South Africa


Robert McBride: ‘Werksmans law firm got Zimbabwean renditions case wrong’

Archive Photo: Former Independent Police Investigative Directorate boss Robert McBride at the Portfolio Committee on Police in Parliament, 29 March, 2018. Photo by Leila Dougan

The circumstances around two conflicting reports involving the Zimbabwean renditions case were explored by former IPID head Robert McBride, in day two of his testimony before the Zondo Commission of Inquiry on Friday.

Former police minister Nathi Nhleko allegedly compromised the independence of the Independent Police Investigative Directorate (IPID) when he interfered with an investigation by law firm Werksmans, that examined the circumstances around two conflicting reports involving the Zimbabwean renditions case.

And, the law firm, allegedly got it wrong when its team concluded that the first of two IPID reports into the role of former Hawks boss, Anwa Dramat and former Gauteng Hawks head, Shadrack Sibiya, in the Zimbabwe renditions case, had been altered.

This is what McBride told the State Capture Commission during the second day of his testimony on Friday.

The renditions case was widely seen as a part of a political move to remove Dramat from this key post at a time when he had called for all sensitive investigations, allegedly including one into the construction of former president Jacob Zuma’s home at Nkandla, to be centralised under a team at the Hawks, the Commission heard.

McBride’s team at IPID had produced a report that crushed efforts to haul Anwa Dramat, Sibiya, and others up on disciplinary and or criminal charges over what became known as the Zimbabwean renditions case.

The report found there was no evidence to sustain a criminal prosecution but Nhleko later relied on an earlier report, one that had been submitted to the National Prosecuting Authority prior to McBride’s arrival in the job, to suspend Dramat.

That earlier, January 2014, report had been rushed by former IPID investigator, Innocent Khuba, who had allegedly been pressurised by among others, Berning Ntlemeza, the man who would later replace Dramat, to submit a report to the NPA before the investigation was concluded.

The initial report recommended Dramat and Sibiya, among others, be charged for their role in South Africa having handed three Zimbabwean nationals over to Zimbabwean authorities – two of the men later died as a result.

Unaware of this earlier report, once McBride was appointed as the head of IPID two months later, he asked for a briefing on all high-profile cases, it included the renditions matter.

He said he then realised that the docket had pretty much been provided to his team by the police’s Crime Intelligence unit which had no business being involved in an IPID investigation as this compromised the investigation.

As a result, he asked that the entire process be re-covered by IPID investigators, that crucial outstanding cellphone analysis be incorporated into the docket. The final report was then submitted to the NPA, this time effectively clearing Dramat and Sibiya.
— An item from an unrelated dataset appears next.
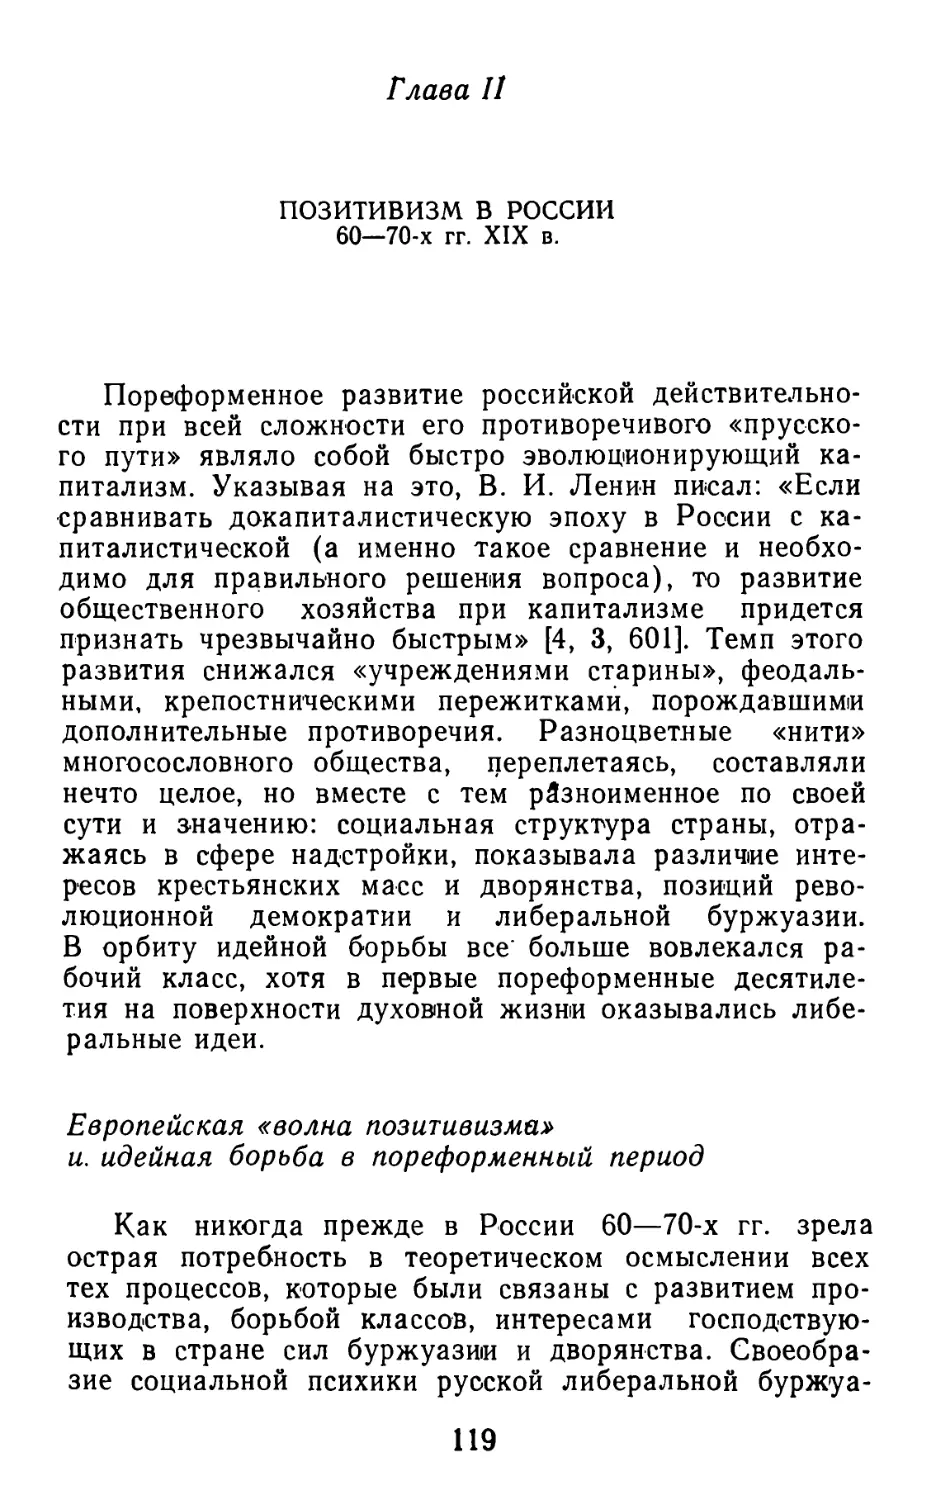 Глава II. ПОЗИТИВИЗМ В РОССИИ 60-70-х гг. XIX в.
Европейская «волна позитивизма» и идейная борьба в пореформенный период

Months later Nhleko, seemingly unhappy with the outcome of the IPID investigation, hired Werksmans to investigate the circumstances behind the two conflicting reports.

McBride said his understanding of the initial report, even though he only became aware of it later on, was that it was not a final report as the investigation had not been concluded.

But, in an April 2015 report, Werksmans concluded that the initial report had been altered and recommended disciplinary charges against McBride and senior IPID officials, Mathews Sesoko and Khuba.

And, Werksmans recommended that Dramat and Sibiya be criminally charged.

Yet, said McBride, the author of the Werksmans report refused to testify while the report had carried a disclaimer that it could not be used in litigation.

What then was the purpose?” McBride asked before Commission chairperson, deputy chief justice, Raymond Zondo.

McBride briefly alluded to a pattern during the State Capture project whereby those in charge had allegedly used auditors, lawyers and even media companies to drive the “persecution” of senior government officials that needed to be shafted.

While the Werksmans report served as the basis for subsequent criminal charges against McBride and the two others, those were later withdrawn, again, because there was no evidence to sustain a prosecution, he told the Commission.

He accused Werksmans of having tried to work around him during its investigating in the two reports by their sending him notices to incorrect email addresses or by targeting his subordinates, Sesoko and Khubu directly.

Nhleko, he said, had allegedly irregularly interfered at times by having his office call Khubu to tell him to co-operate with Werksmans and by offering to fly him to Cape Town for meetings with Nhleko. “Even over weekends,” said McBride.

He said the Werksmans report formed part of the record that later served before the Constitutional Court where he had successfully challenged the minister’s power to suspend him.

The law firm, he said, was hired to investigate misconduct within the Hawks and principally, the role of IPID in that renditions investigation, yet it failed in the end to make definitive findings about who and under which circumstances the first report was allegedly altered.

The Commission’s senior evidence leader, advocate Paul Pretorius said the Waksman’s’ report may still be dealt with by the Commission later on.

The firm has legal representation at the Commission.